Captcha doesn’t challenge the source – it only adds a manual step to pass the security. As explained above, bots today can easily bypass captcha. A very simple Internet search will present websites where anyone can buy tools to bypass it. The transparent device fingerprint tracks sources and fully protects against malicious activity. Source activity tracking that is only based on an IP address usually leads to a high false positives rate, since bots can dynamically change their IP addresses, and evade solutions that rely on signatures or another form of IP-based filtering. The challenge mechanism identifies the source uniquely.

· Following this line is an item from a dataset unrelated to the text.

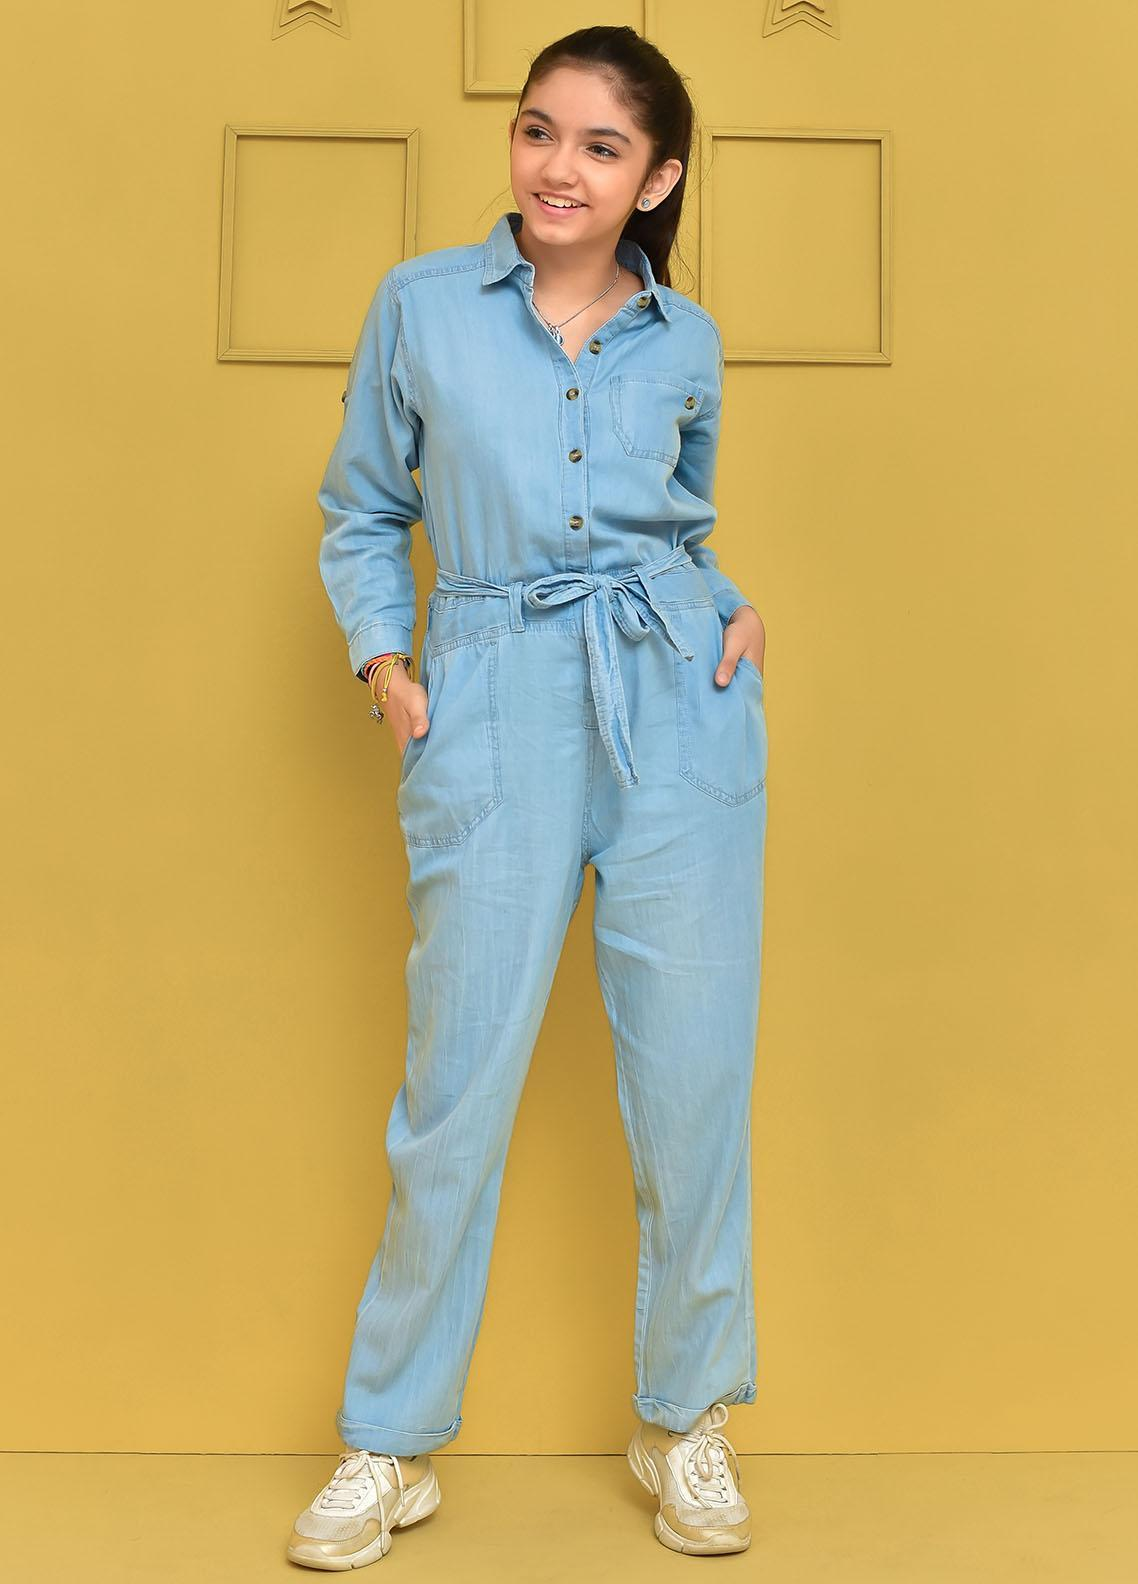 Ochre Cotton Western Jumpsuit for Girls -  OWT-455 Blue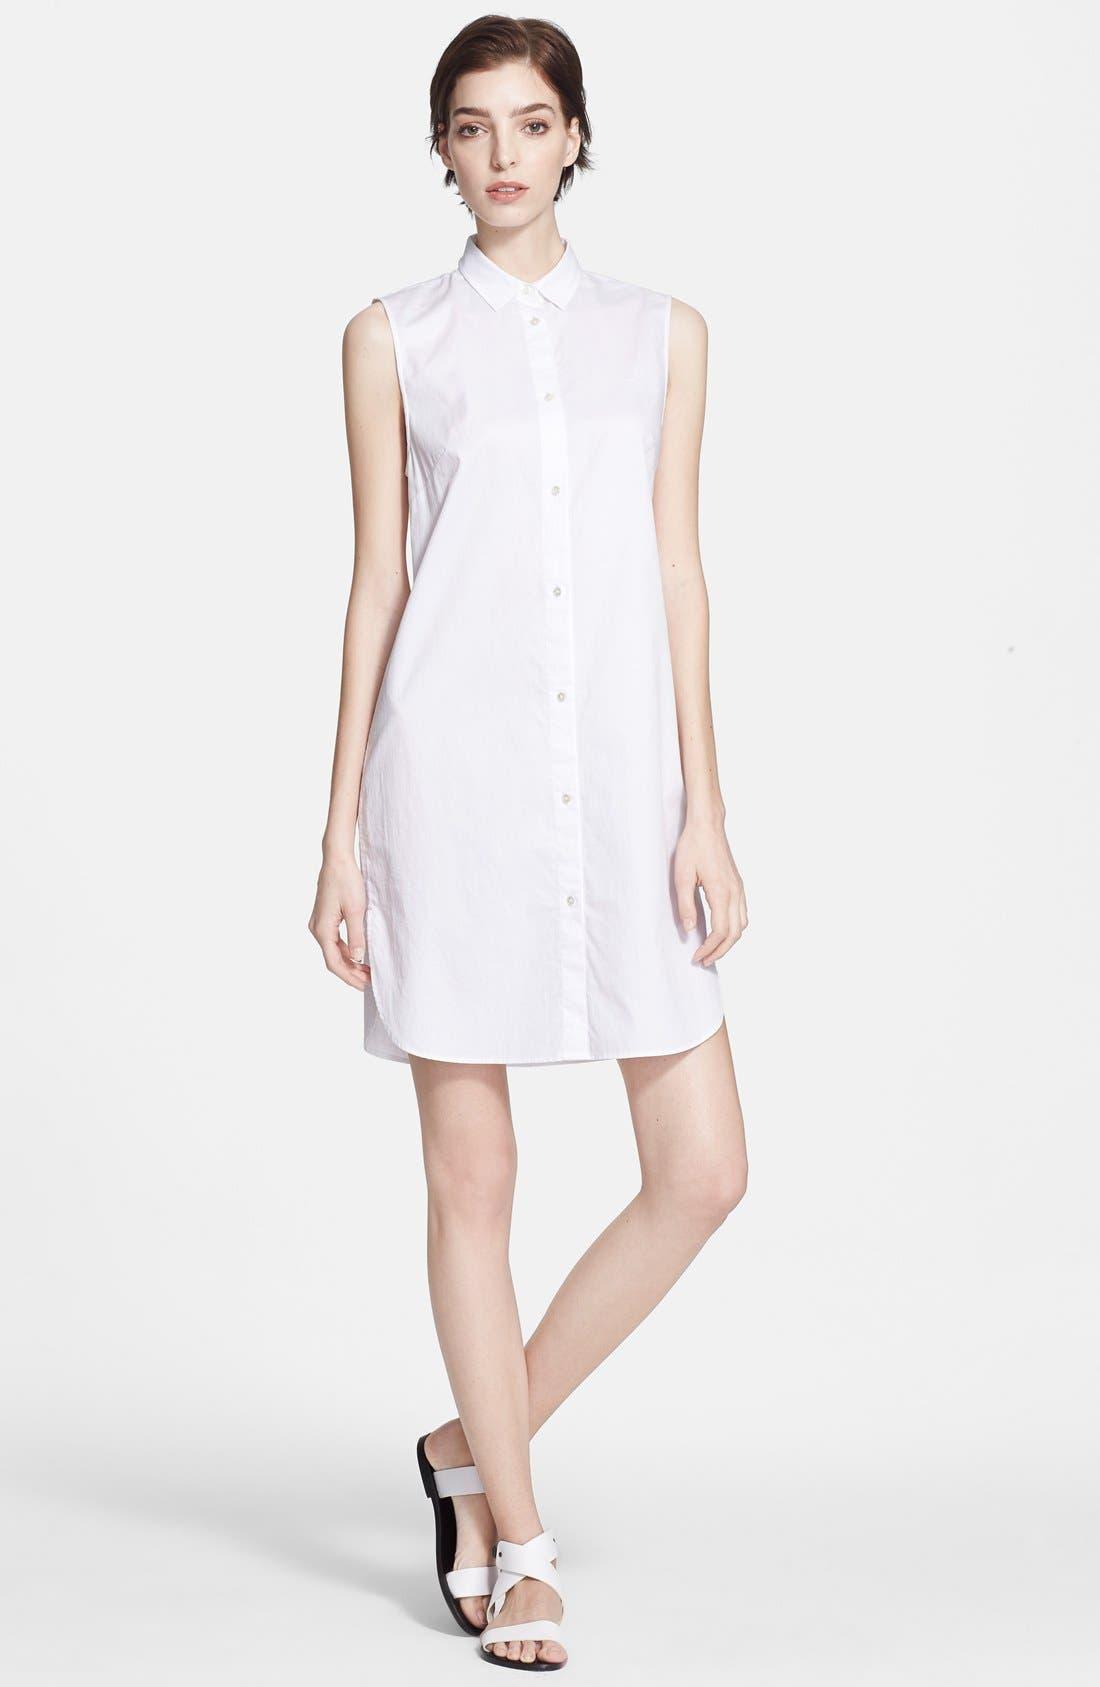 Alternate Image 1 Selected - T by Alexander Wang Cotton Poplin Shirtdress

Bot Management Requires Revealing the True Identity
Device fingerprinting will block the vast majority of the bots, just because they cannot respond to the challenge. Bots that pass the fingerprinting mechanism (like ‘good’ bots such as Google’s crawler for instance), will be tracked based on their behavioral attributes, to detect and block them if turned out to be engaged in malicious activity. For this purpose, each source (a single HTTP client identified by the fingerprinting algorithm) gets a certain score according to its conduct. The fingerprint is necessary not only to determine whether a certain request is human vs. a bot, it is also required in cases of fraud attempts to point at a real user vs. stolen account credentials.
A combination of challenging the bot, device fingerprinting and activity tracking provide a successful bot management and accurate bot-attack mitigation.
Device Fingerprinting allows unique source identification, which contributes to detection accuracy. It mitigates multiple attack types: HTTP parsing, SQL Injection, XSS, Brute Force, Session hijacking and DDOS Layer 7 attacks like SlowLoris and others.